Evonne Hopkins books a room at a bed & breakfast that doesn’t have a bathroom. Can she get her money back?


I booked a room at a bed & breakfast in New Albany, Ind., through SuperTravel, an Expedia affiliate. When I arrived, I discovered the room didn’t have an attached bathroom. You had to go downstairs to access the bathroom. The SuperTravel website did not tell us about this. 

We asked for a refund, but SuperTravel refused, citing its no-refunds policy. I contend that what we purchased was not what they provided and not subject to the no-refund policy. 

I’ve initiated a dispute through our credit card company, but it sided with SuperTravel. I am appealing the decision.
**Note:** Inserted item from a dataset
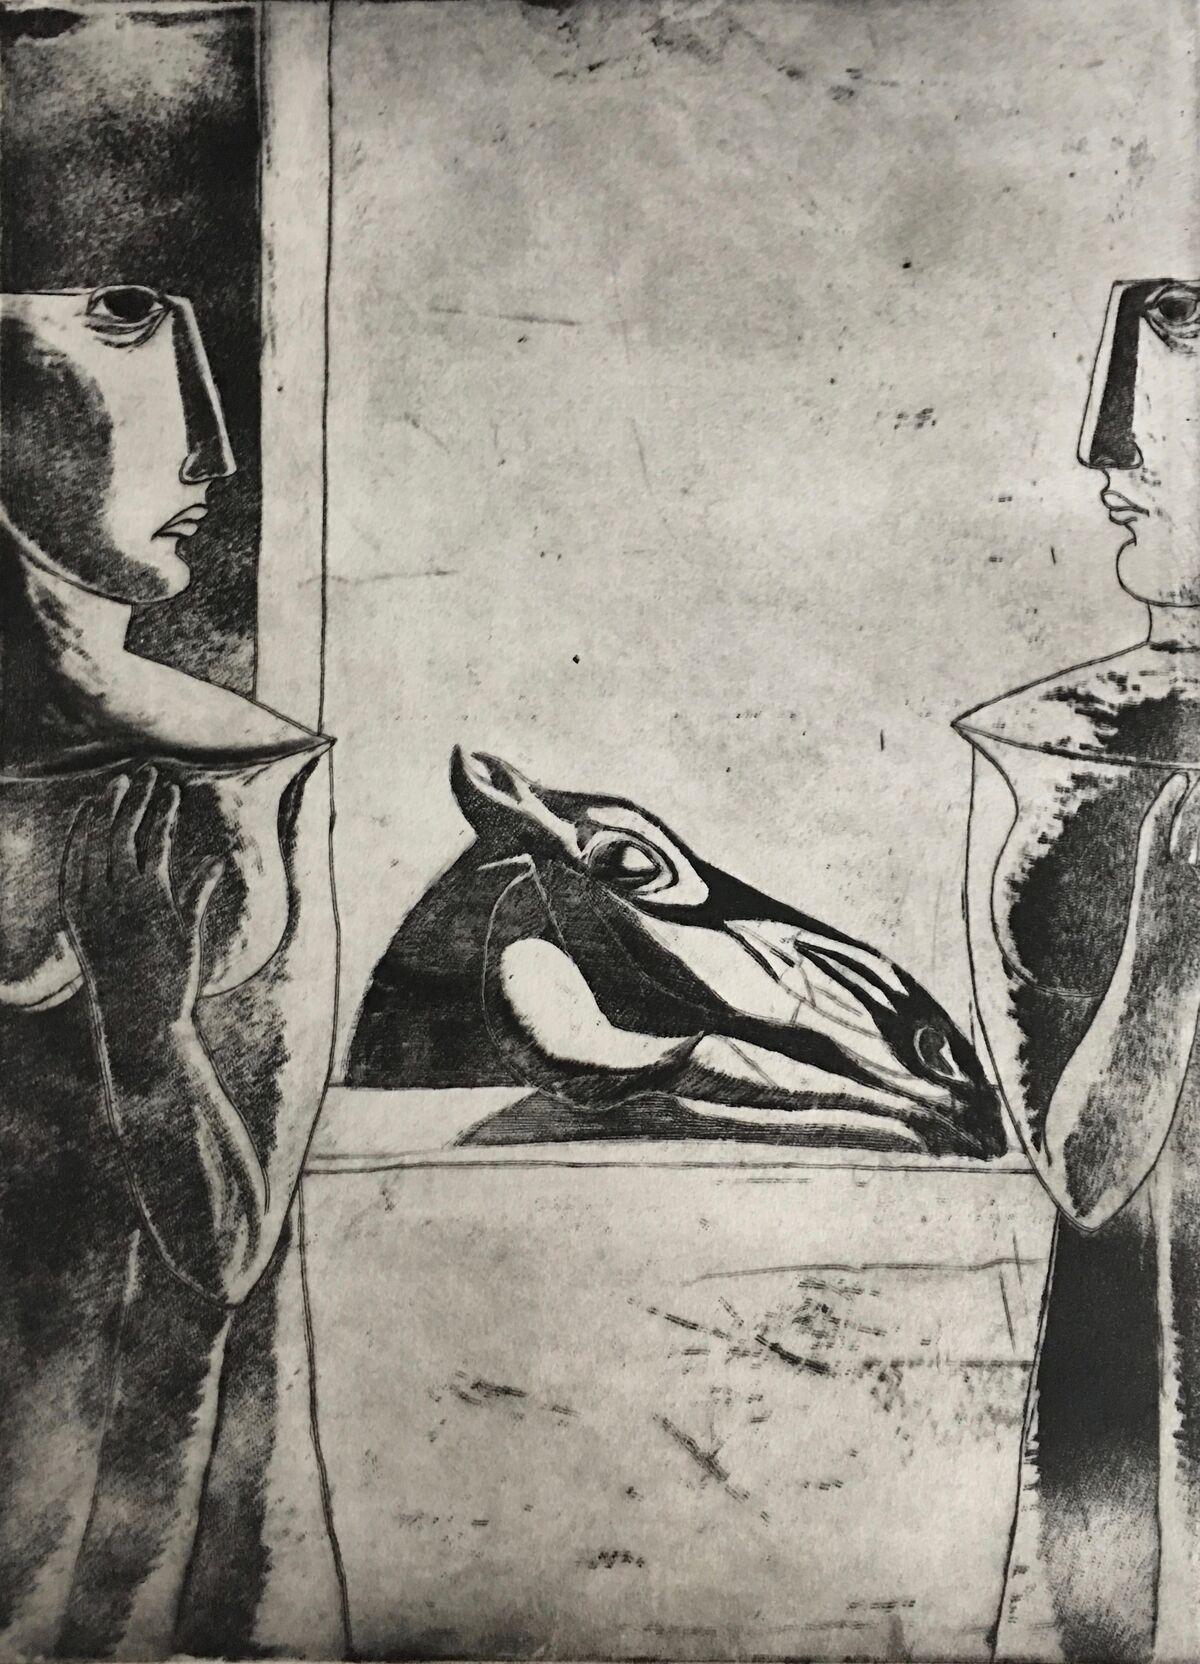 Ahmed Morsi, The Loving Horse, 1996. Courtesy of Gypsum Gallery.
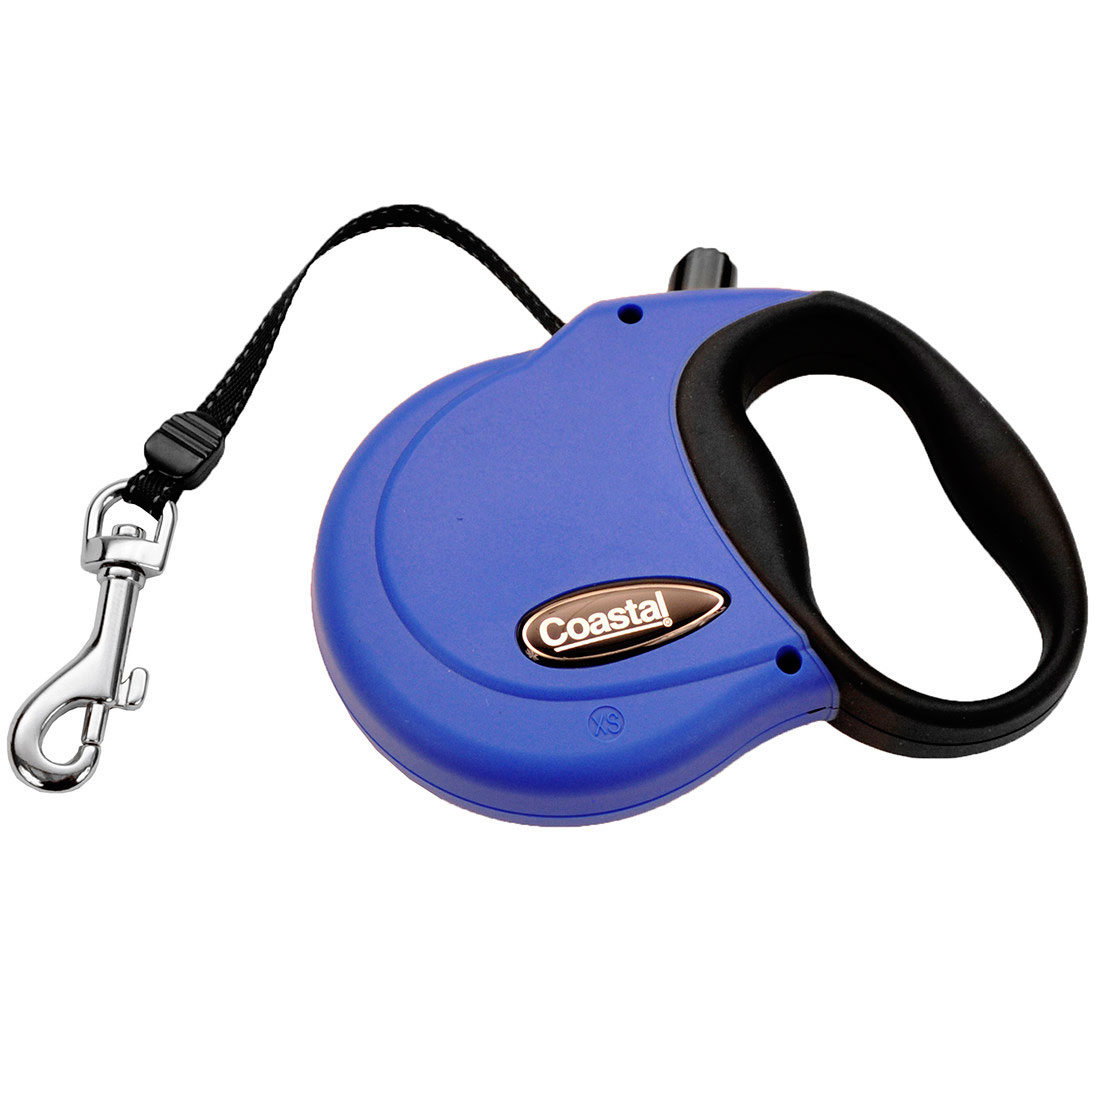 Coastal Power Walker Retractable Dog Leash, Blue, Large, 16-in

SuperTravel’s refund policy has a clause that says they make “no refund for causes beyond their direct control.” But as an Expedia affiliate, they have access and control over the information that they provide to consumers on their website. 

Expedia and both list the same property on their sites, and they show the information about the detached bathroom. I believe I’m entitled to a $469 refund because SuperTravel chose not to provide us with that information before we made the purchase. 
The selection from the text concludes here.